MicSim-package {MicSim} | R Documentation |
MicSim: Continuous-time microsimulation for population projection
Description
In life sciences, the central device of microsimulations is the life-course of an individual, which is defined by the sequence of states that the individual visits over time, and the waiting times between these state transitions. Modelling and simulating the life courses of a representative share of population members allows mapping population dynamics on a very detailed scale.
A standard approach to describe individual behavior is a continuous-time multi-state model. A multi-state model is a stochastic process that at any point in time occupies one out of a set of discrete states. These states summarize the demographically relevant categories an individual can belong to. Generally, the state space is determined by the problem to be studied, but commonly it will at least comprise the elementary demographic characteristics of sex and marital status. One element always present in the state space is "dead", a risk to which each individual is always exposed to.
In (demographic) microsimulations life-courses usually evolve along two time scales: individual age and calendar time. A possible third time scale is the time that an individual has already spent in his/her current state, e.g., the time that has elapsed since an individual's wedding. An event implies a change in the state of an individual. Age always runs parallel to the process time of a model. Therefore birthday, i.e., the completion of another year of life, is not an event in itself.
A common way to characterize an individual life-course is via a trajectory of a stochastic process from the family of Markovian processes, where the process time maps the time span over which we "observe" an individual life-course. The MicSim package uses time-inhomogeneuous Markov models to describe individual life-courses. That way, transition intensities can vary at each point in time, i.e. are not assumed to be constant for predefined time intervals (such as whole years).

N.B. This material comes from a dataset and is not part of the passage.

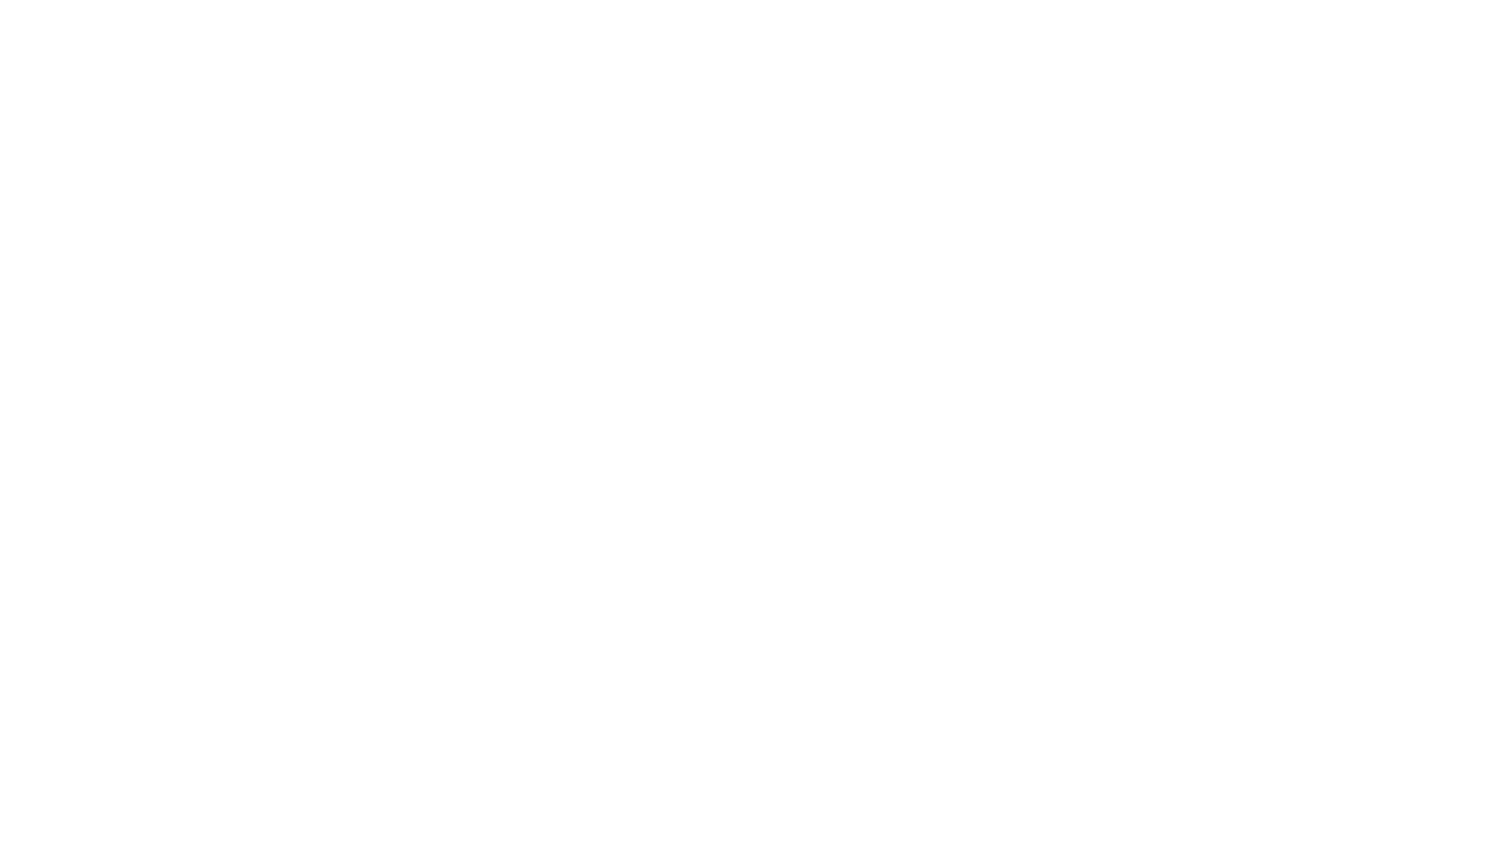 WrightHouse Group
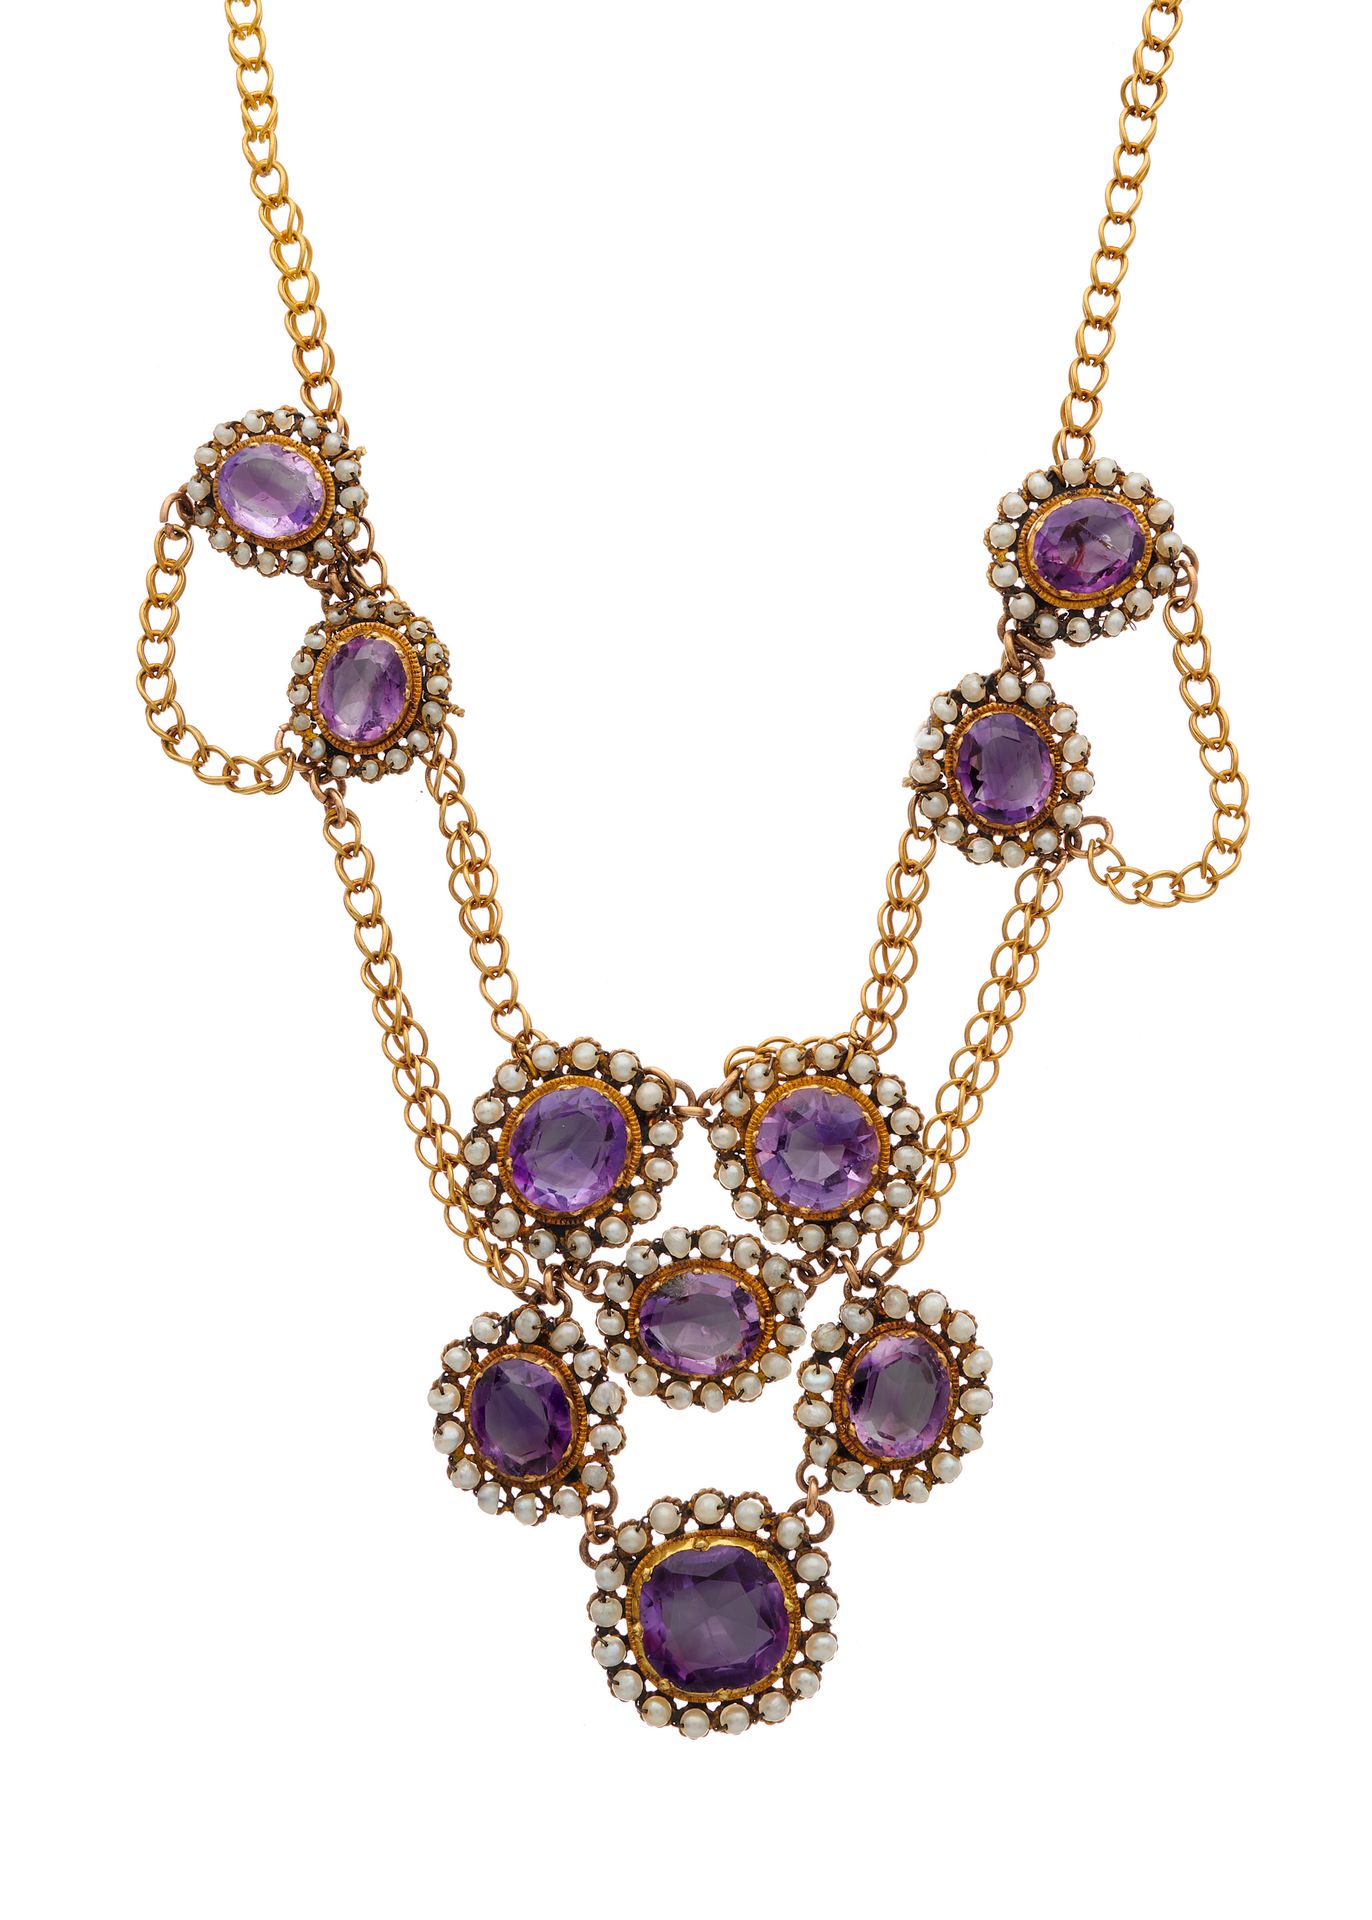 Null 一条19世纪的黄金、紫水晶和籽珍珠簇拥的花环项链，带有类似的推片式扣，长38厘米，重15克 - 整体状况良好 - 紫水晶是一种很好的匹配，中等到深紫色&hellip;

The transition intensities (also denoted as hazard rates or transition rates) of Markovian processes are their key quantities. Once they are known one can compute the distribution functions of sojourn times and thus simulate synthetic life-courses. That is, to run a microsimulation model, for all transitions and time scales considered transition rates have to be provided. A whole bunch of statistical estimation approaches exist to estimate transition rates from (e.g., register, survey, panel) data. Furthermore, also methods for approximating transition rates from probabilities are available, e.g. by assuming that they are constant in the interval covered by a probability, yielding the so called exponential model. More details on this are given in the description of the ‘micsim’ function of this package, which is the actual workhorse of this toolkit.
Details
Package: | MicSim |
Type: | Package |
Version: | 2.0.1 |
Date: | 2024-01-23 |
License: | GPL-2 |
Author(s)
Sabine Zinn
Maintainer: szinn@diw.de
References
S. Zinn (2014). The MicSim Package of R: An Entry-Level Toolkit for Continuous-Time Microsimulation. In International Journal of Microsimulation 7(3), 3-32.
Willekens, F., & Putter, H. (2014). Software for multistate analysis. Demographic Research, 31, 381-420.